Do you know how images in magazines are always crystal clear and beautifully colored? Those images are traditionally used in TIF format, which is the image format file for high-quality graphics.
The color layering in digital photos (TIF files) is what results in high-quality imagery on printed pages. Without that universal image format, the images we’d see in print work would be vastly different. TIF stands for “Tagged Image File”. Nowadays, TIF files are used for high color-depth images and graphics like those used in our magazine example.
To help you understand what a TIF file is a little more, let’s talk about them in detail.
Technical information about TIF files
TIF files can either be saved in a compressed format or uncompressed format. A compressed file consists of one or more files that are smaller than the original file size. Compressed files make downloading faster and allow more data to be stored on removable media. Some forms of less compression don’t reduce the quality of the image when it reduces the file size. So, quality isn’t compromised when the size is reduced.
Who would use TIF files?
Graphic artists, graphic designers, Adobe users (especially those using Photoshop), anyone in the publishing and editing industry, geographers (GeoTIFF), and photographers. TIF files can be easily supported by scans, faxes, word processors, page-layout applications, and desktop publishers.
How to edit TIF files
There are conversion tools that can assist in editing a TIF file that doesn’t require installing a photo editing program. These conversion tools specifically support TIF files, but they change the format of the file from TIF for the viewer’s editing purposes.
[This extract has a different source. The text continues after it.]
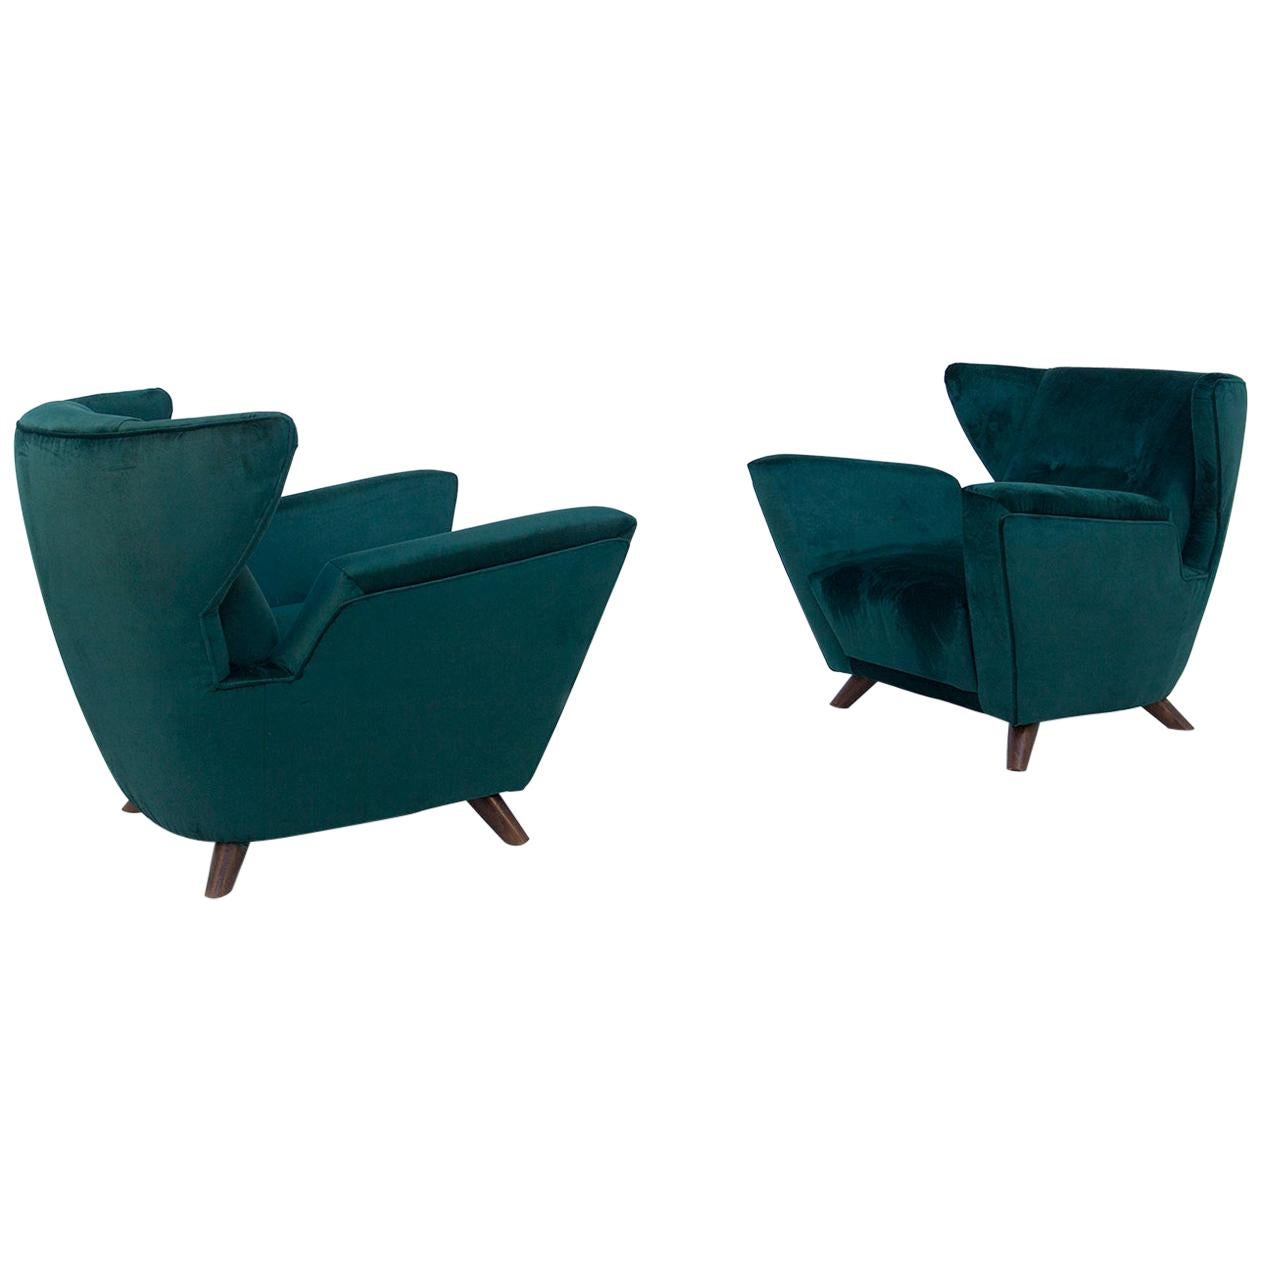 Pair of Italian Armchairs Attributed to Gio Ponti in Green Velvet, 1950s

If that worries you and you want to keep the TIF format while editing the file, there is free photo editing software available, as well as paid subscriptions like Adobe Photoshop.
How to Convert a TIF file
Converting a TIF file is easy. If your image editor supports TIF files but you want to save it in a different format , like a JPG for example, there are only three steps.
First, you’ll hover your cursor over the ‘File’ tab. Then, you’ll find and select ‘Save as’. There will then be a list of various formats you can choose to click and convert your TIF file to. And there you have it – once a TIF, now a JPG.
History of the TIF file
The TIF was created by the Aldus Corporation (a software company known for the development of PageMaker) for use in desktop publishing. The latest version for TIF formatting is version 6.0 which was developed in 1992. In 1994, Adobe acquired the Aldus Corporation. Since then, minor technical notes and extensions have been added to the format. Several specifications have been based on the most recent TIF 6.0, such as TIFF/EP, TIFF/IT, TIFF-F, and TIFF-FX.
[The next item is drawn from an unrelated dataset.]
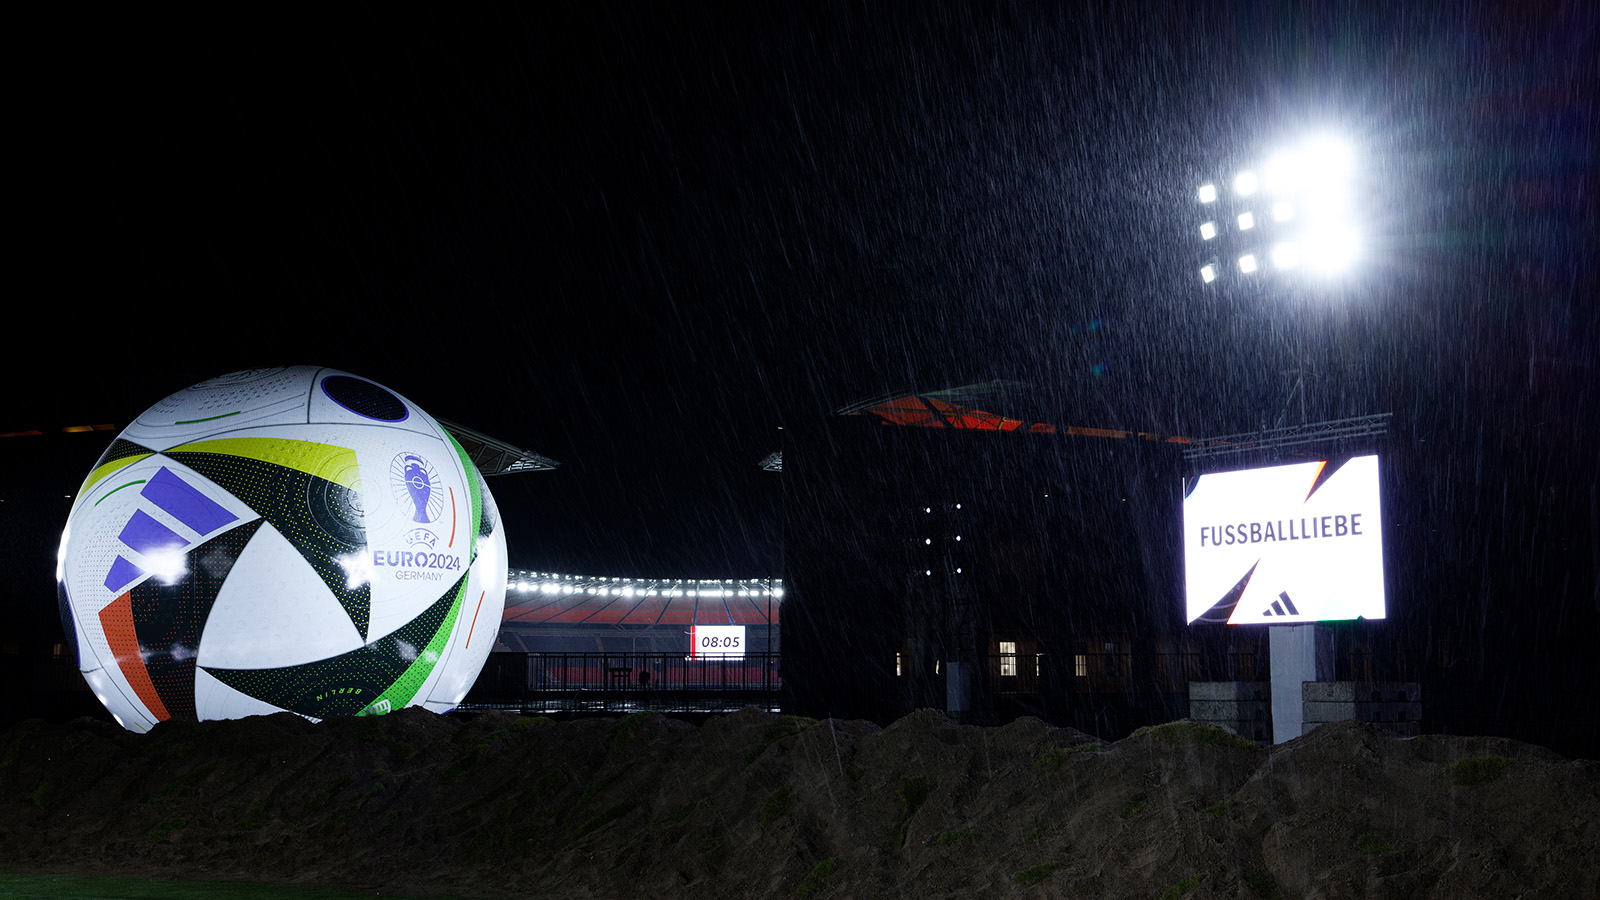 Variable, weatherproof lighting for sporting events: GLP ArenaLED1 Touring highlights the love of football

TIF formatting was created to attempt to get desktop scanners and developers to unanimously agree on a common image file format during a time when lots of image file formats existed. TIF formatting since then has become extensively used across a variety of creative fields and even used in geo-mapping. Geographers have created a public domain Metabase that uses a specific type of TIFF file, a geoTIFF.
At inception, TIF files only supported black and white images, but later adapted and included the color palette. Fun fact, the color palette was only introduced in the 5.0 revision in 1988.
Review: What is a TIF file?
TIF files are files used in publishing and other graphic design areas for their ability to implement depth of color. It’s the universal file for desktop image file scanning and can either be compressed or uncompressed.